Running local models is good now

40 points by Yogthos 11 days ago on lobsters | 38 comments

On the one hand, I don't particularly have much desire to run these tools for my current workflows, but on the other hand the largest of the issues I have with them stem from the centralization aspects (which bleed into other areas too: environmental, privacy, power distribution, etc). So I am glad to see that things really do seem to be getting better on the locally hostable models front.

[OP] Yogthos | 10 days ago

I strongly suspect that's where things will go in the future. Nobody really wants to send all their data to some service provider, and on top of that, you're completely at their whim in terms of price hikes and model availability. As we just saw with the whole Fable fiasco from Anthropic, there's a real danger in allowing yourself to become a digital serf.

As local models and coding harnesses keep improving there's going to be fewer reasons to rent models from a provider, and I'd argue that's true even if local models are less capable overall. For example, a lot of people use DeepSeek instead of Claude simple because it's good enough while being far cheaper. Same argument applies to local, at some point it doesn't really matter if you can rent a better model when local one does the job.

There could also be a lot of possibilities with customizing and tuning these tools as well. For example, I haven't really seen anybody make a LoRA for a specific language, and that might make the model far more effective in a restricted domain. At that point the model could even perform better than a huge general purpose version.

zladuric | 10 days ago

I'm not sure why people keep saying that, Nobody really wants to send all their data to some service provider, and on top of that, you're completely at their whim in terms of price hikes and model availability..

Isn't everyone doing just that? From billions of people having their everything digital held at FAANG, to companies trusting everything to Microsoft and a few others... It's just us techies and a minor percentage of companies who don't give all our digital stuff away.

radex | 10 days ago

When talking about individuals - maybe. But organizations tend to want assurances. That does not necessarily mean they won't outsource, but at the very least an attempt will be made to have some contractual assurances and a plan to change vendors if needed.

(Not to say that organizations act rationally - just that an average organization does more due diligence than an average individual)

: zladuric | 9 days ago
I do agree but even then, assurance just means there's this plan. Everyone is "cloud agnostic", but everyone is at aws, right? That's what I mean. It's not even that nobody cares about this stuff. It's just that it's a hassle and you just wanna pay someoy to do some work for you so you can go on with your business.

[OP] Yogthos | 10 days ago

The context here is software devs, so it is precisely the demographic that cares about this stuff. Also, I don't think regular people really want to send the data to these companies. It's just that it happens to be convenient and accepted, and the barrier to not doing it makes it not worth it. Like say you're a regular person who has a phone and takes pictures with it. You don't even get a say in the matter. Apple and Google will just upload whatever you snap to their server. To actually have a bit of privacy you'd have to install GrapheneOS which is far beyond what most people can do.

joelgrus | 10 days ago

"Regular people" simply don't care.

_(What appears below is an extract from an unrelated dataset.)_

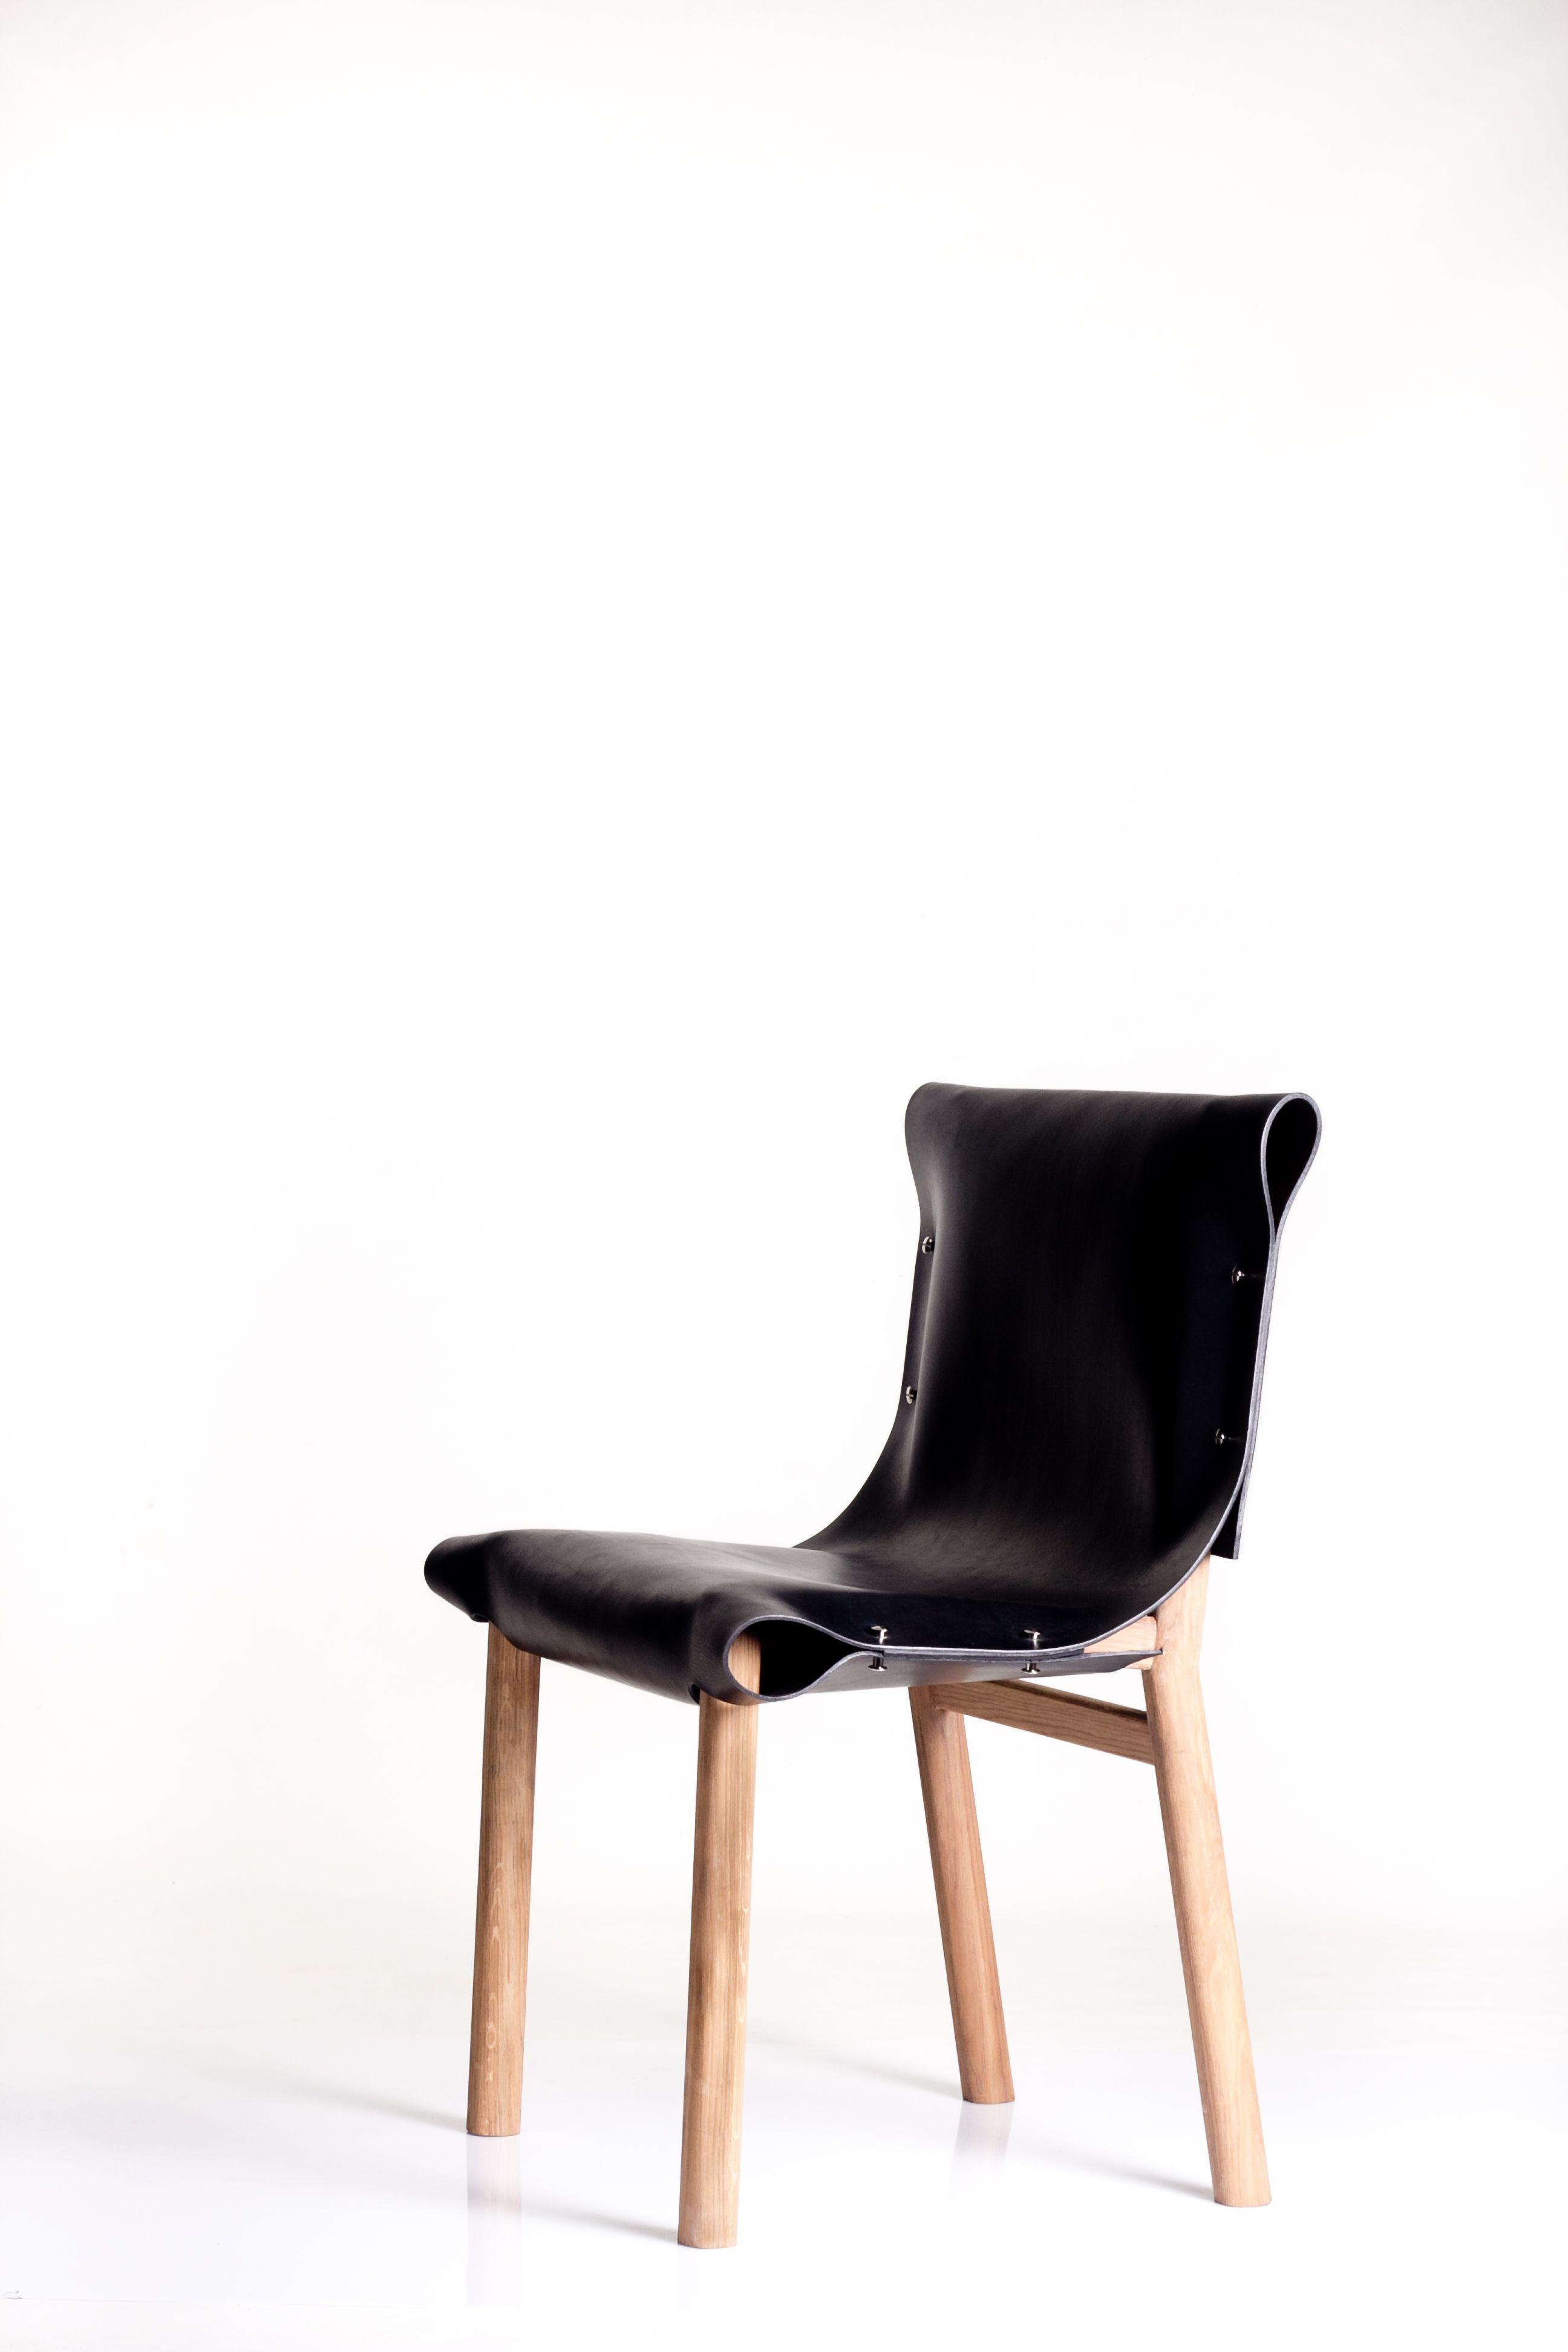 wrap by carmen van bel pull up a chair pinterest diy rh pinterest com

I promise you that if I went to the gym (or wherever) and asked people how concerned they were that their photos were uploaded to Apple photos, the average person would say "not at all."

For the most part even I don't care; my primary concern with giving my data to Google is "what if they suddenly unperson me and cut off access to it." But if I didn't store it in the cloud then I would just have to worry about losing access to it in different ways. (cf the hard drive full of MP3s that sits in a computer that hasn't been booted in like 10 years)

[OP] Yogthos | 10 days ago

Sure, most people don't understand the implications of not having any data sovereignty. That's really a problem with lack of education.

joelgrus | 10 days ago

People having different preferences from you is not "a problem with lack of education".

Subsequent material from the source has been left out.